Connector assembly TECHNICAL FIELD

The present invention generally relates to the technical field of electrical connectors. In particular, it relates to a connector assembly for establishing an electrical line from a first electrical side to a second and a third electrical side, preferably a power line to an electric motor of a rolling stock, in particular of a train composition or locomotive.

PRIOR ART

Rolling stocks, such as locomotives, need regular maintenance. During the locomotive's stay in the workshop, it is, in some instances, required to energize the electric motor. Normally, a contact to the regular power source is not possible in the workshop. Accordingly, a separate power line has to be established from a second power source to the motor. For that purpose, common solutions implement an array of switches for enabling, in one switch state, a power supply to the electric motor from the regular power source and, in another switch state, a power supply to the electric motor from an alternative power source. The alternative power source may be the mains in the workshop. The known switching solutions are commonly integrated in the vehicle and therefore add to the latter' s overall weight.

EP 2 665 147 A 1 shows a connecting assembly, wherein all connected lines are connected to one another.

SUMMARY OF THE INVENTIO

It is an object of the present invention to provide an electric connector assembly for connecting a first electric side to either a second or third electric side, preferably an electrical motor of rolling stock, such as a train composition or locomotive, to either of two different power sources, wherein the connector assembly is lighter.

This object is achieved by a connector assembly with the features of claim 1. Accordingly, a connector assembly for connecting a first electrical side either to a second or to a third electrical side is suggested

wherein the connector assembly is configured to electrically connect at least one first electrical line to at least one second or one third electrical line, wherein the first electrical line is electrically connected to the first electrical side, the second electrical line is electrically connected to the second electrical side, and wherein the third electrical line is connected to the third electrical side;

wherein the connector assembly comprises a coupling part, the coupling part being configured to accommodate first and second end portions of the first and second electrical lines, respectively, so that the first and second end portions are accommodated in said coupling part in an electrically isolated manner from one another, characterized in that the connector assembly comprises at least or exactly two counterparts each for engagement along an engagement axis with said coupling part,

wherein a first counterpart of the at least or exactly two counterparts is configured to electrically connect, in engagement position with the coupling part, the first and second end portions of the first and second electrical lines, respectively, to one another so as to electrically connect the first and second electrical side to one another,

wherein a second counterpart of the at least or exactly two counterparts is configured to accommodate a third end portion of said third electrical line and is further configured to connect, in engagement position with the coupling part, the first and third electrical lines to one another so as to electrically connect the first electrical side and the third electrical side to one another.

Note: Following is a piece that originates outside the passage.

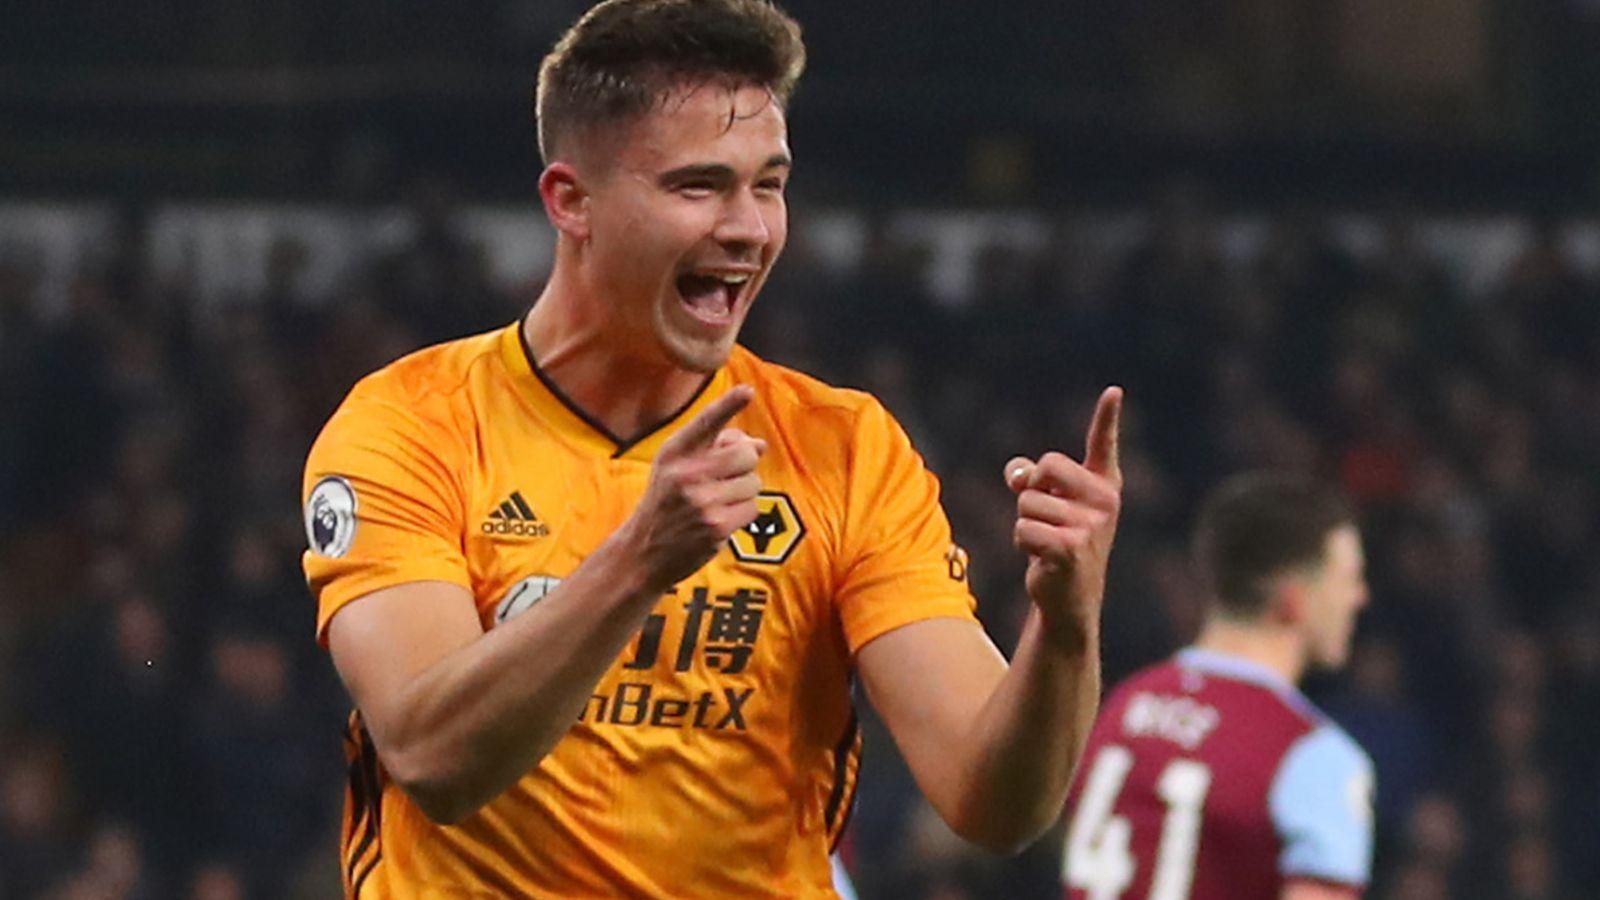 Report - Ham Match West 2 Highlights - Wolves 0 &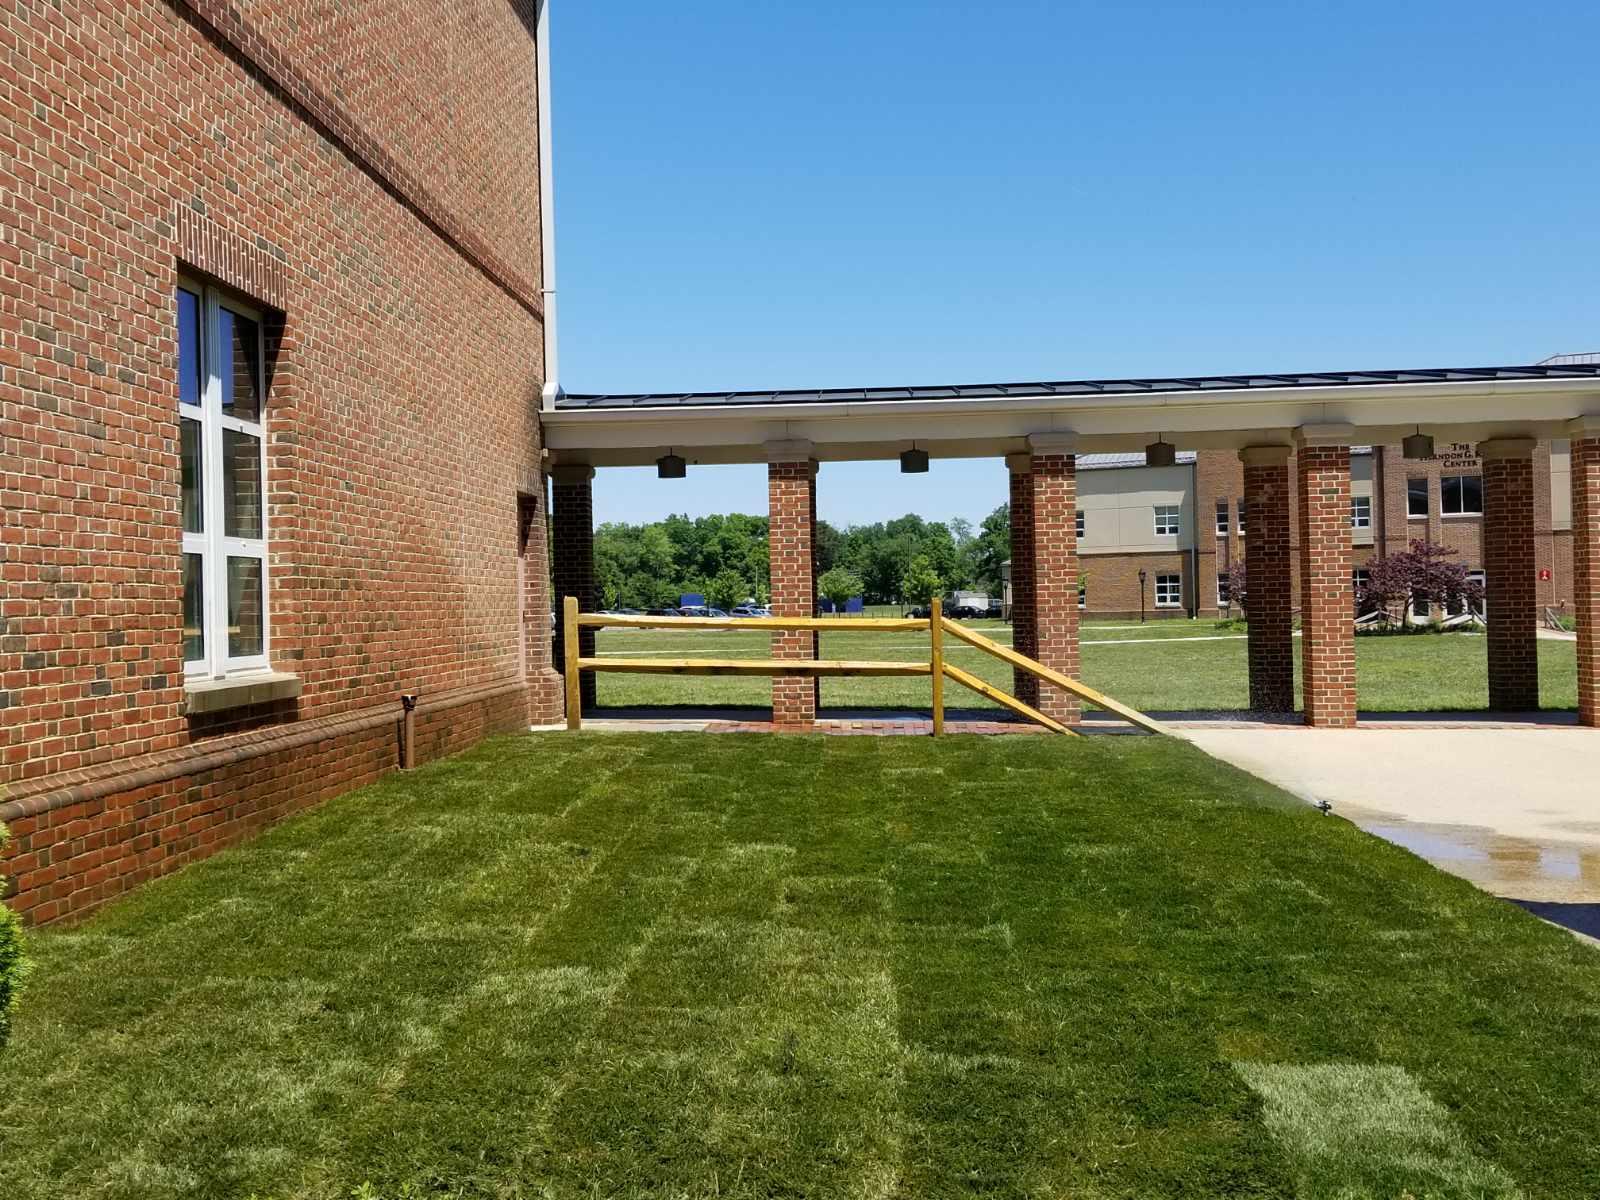 Sod install in Crownsville MD

The coupling part and the counterparts are co-operating parts of the connector assembly.

The terms "first, second, third electrical side" refer to an electrical power source, to an electrical load, or to data and/or signal receiving or transmitting means. The first side may preferably be an electrical motor of the rolling stock (e.g. an electrical drive of a locomotive), while the second electrical side may be a first power source (e.g. the overhead lines of the railway lines) and the third electrical side is a second power source (e.g. the mains in a workshop) for supplying the electric motor. Moreover, the first, second, third electrical sides may also be a combination of a power source with parallel data communication means or signal communication means (e.g. lines relating to tracking control unit). Generally, the electrical sides are sides that are commonly connected to one another by means of arrangements with switches.

The terms "first, second, third electrical line" refer to an electrical pathway for transmitting an electrical signal, control signals, electrical power or data signals, in particular to an electrical cable or the like. Accordingly, the first, second, and/or third electrical lines are electrical power, signal, control, or data lines, wherein, preferably, the first electrical side is an electric motor of the rolling stock, the second electrical side is a first power source for the electric motor, and the third electrical side is a second power source for the electric motor.

The term "end portion" refers to a section of the line, preferably an end section of line - e.g. a free end of a cable - that is connectable to a respective receiving part a connector in the coupling part or the first or second counterpart.

Accordingly, it is an aspect of the present invention to provide a connector assembly comprising at least or exactly three connector parts (i.e. the coupling part and the at least two counterparts), wherein the first and second counterparts are configured for connection with the coupling part, one at a time, for establishing electrical connections between specific lines (e.g. power, data, control, or auxiliary lines).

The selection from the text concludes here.